Entre as paredes de um motel

“Namorados para Sempre ”, de Derek Cianfrance , pelo título , sugere tratar-se de comédia romântica, ou mesmo traz à lembrança “9 ½ semanas de amor”, cult dos anos 80. Cindy e Dean se isolam num motel para terem momentos de amor que foram roubados pelo turbilhão da vida cotidiana. Eles são casados, têm uma filha de cinco anos, deixam a menina com o pai de Cindy e se preparam para a estada no motel como se fossem para uma viagem ao Tibet. Nas primeiras cenas fica a impressão de um casal que espera, com o artifício do isolamento, reviver momentos de felicidade perdidos no passado. No caminho, um encontro casual entre Cindy e um rapaz num supermercado anuncia que há algo mais a ser encaixado no idílio amoroso do casal. O que apenas fora sugerido na casualidade do encontro se revela aos poucos. O rapaz do supermercado fora um antigo envolvimento de Cindy e é o pai legítimo de sua filha.

A narrativa se desenvolve, então, em contraponto; alternam-se cenas em que o trio principal é apresentado no passado, sobre o ambiente no qual circulam, sobre as amizades, os afazeres e a maneira como Dean entra na vida de Cindy. No entanto , o recurso ao flash back não é adotado. O presente é rompido abruptamente com uma cena do passado, em seguida novamente a ação volta ao presente. Esse procedimento oferece ao espectador as circunstâncias bastante especiais do enlace entre Cindy e Dean, a presença do antigo namorado, a gravidez indesejada e finalmente a decisão de se casarem. A partir de certo momento o espectador é suficientemente informado de que Cindy e Dean desde o início tiveram uma relação marcada pelo movimento de mão única: Dean sempre fora apaixonado por ela, moveu pedras e montanhas para tê-la, assumiu uma filha que não era dele só para ter Cindy ao seu lado. Nessa altura da trama fica claro que o título do filme não tem nada a ver com uma comédia romântica e está longe do descolado clássico yuppie “9 ½ semanas de amor”. “Namorados para sempre” é um drama com título propositadamente ambíguo, no original “Blue Valentine”, que invoca tanto o azul como símbolo de liberdade, imensidão que se abre para a felicidade, quanto o sentimento de pesar e melancolia.
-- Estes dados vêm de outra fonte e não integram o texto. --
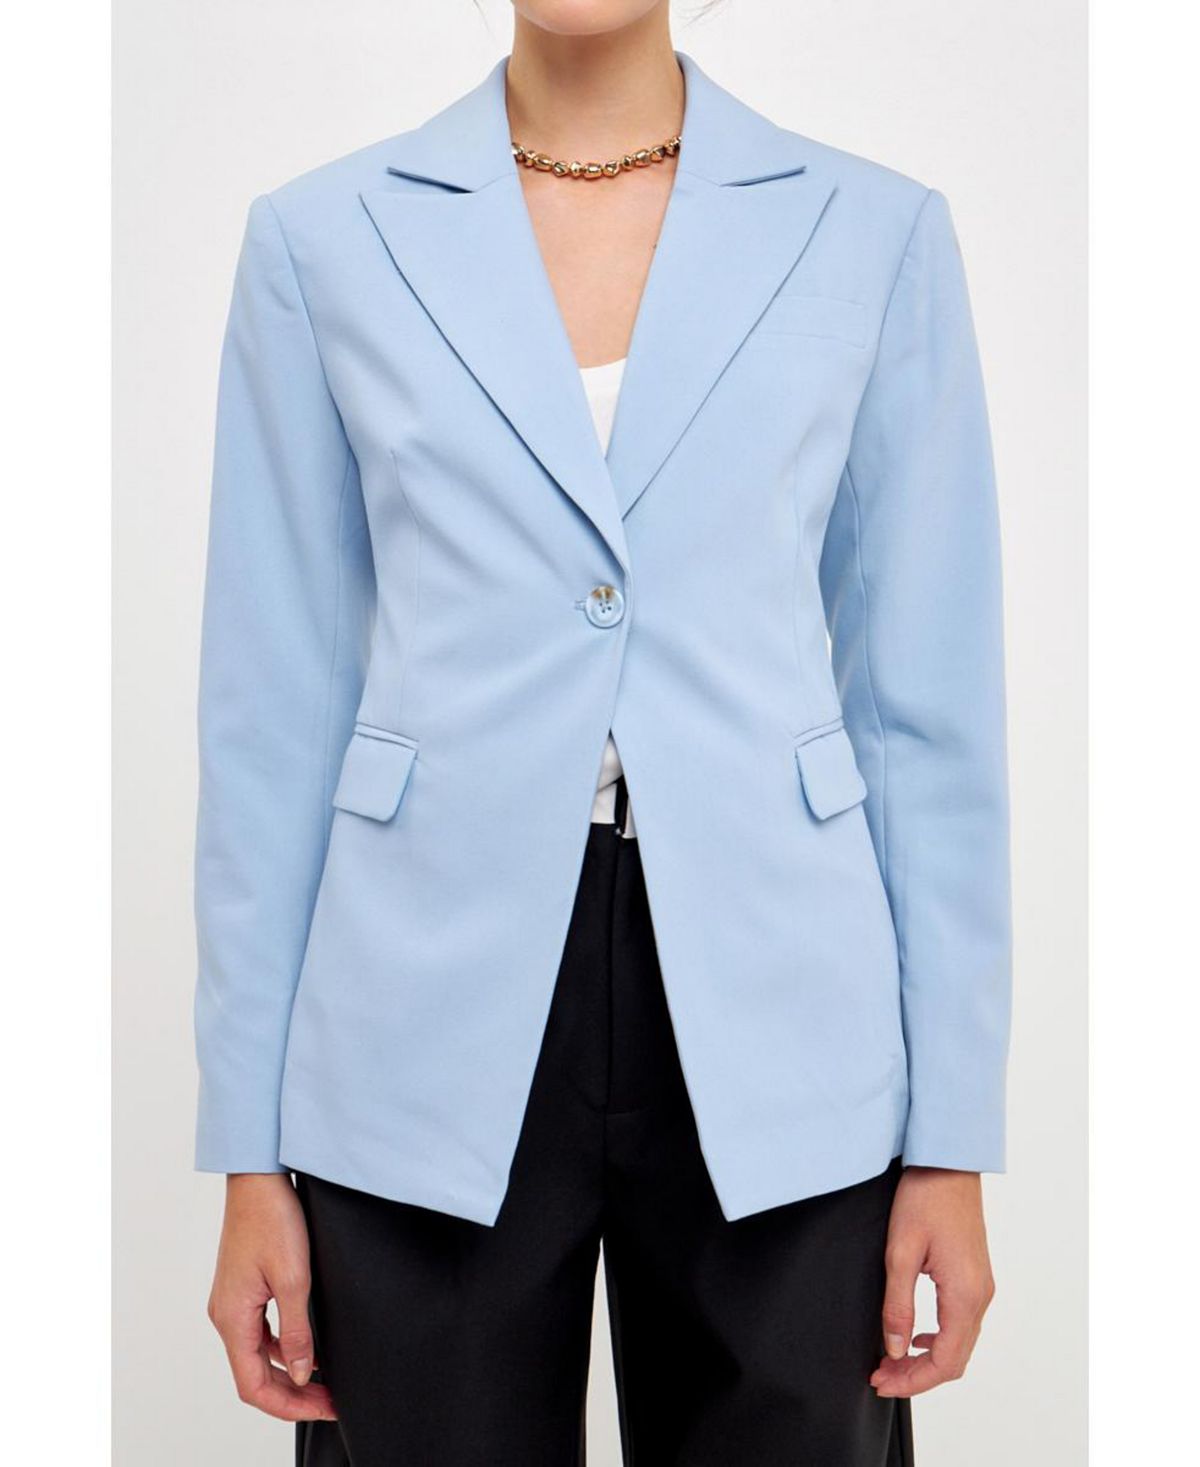 Женский приталенный пиджак на одной пуговице Grey Lab женский пиджак lux на одной пуговице calvin klein цвет charcoal

No motel, com o quarto decorado com motivos futuristas, Cindy e Dean não se amam, reafirmam os conflitos e diferenças que existiram entre eles desde quando se encontraram. A tentativa de resolução dos conflitos apenas acentua que para eles o casamento não passou de um indigesto mal-entendido . Dean é o lado fraco da relação. Como no primeiro encontro, se submete a humilhações para ter Cindy. Ela, por sua vez, se sente culpada por não dar a ele o que é vital para que um relacionamento seja de fato de mão dupla. Assim, ela empurra as tensões com a barriga até onde, como é de se esperar, não há qualquer saída senão a separação.

A trama de “Namorados para sempre” é comum; nenhuma novidade de tema nem de tratamento; o final é previsível tão logo o espectador perceba as enormes diferenças de estilo de vida no casal principal. Deve-se ressaltar, contudo, que se trata de um filme com enorme potencial para sensibilizar jovens casais que se identifiquem com os infortúnios de Cindy e Dean: o namoro casual, as expectativas de realização, as diferenças, tudo isso é apagado a um preço que não há artifício em motel que pague as desavenças no futuro. Fora esse possível elemento de identificação mais imediata, “Namorados para sempre” pode deixar na memória do espectador um ar de tristeza com a cena final: depois de uma briga na casa do pai de Cindy, ele a deixa com a filha e caminha pela calçada de uma rua na Pensilvânia, enquanto ao fundo se vê os fogos de artifício no dia de San Valetine, 14 de fevereiro, o dia dos namorados nos Estados Unidos e na Europa.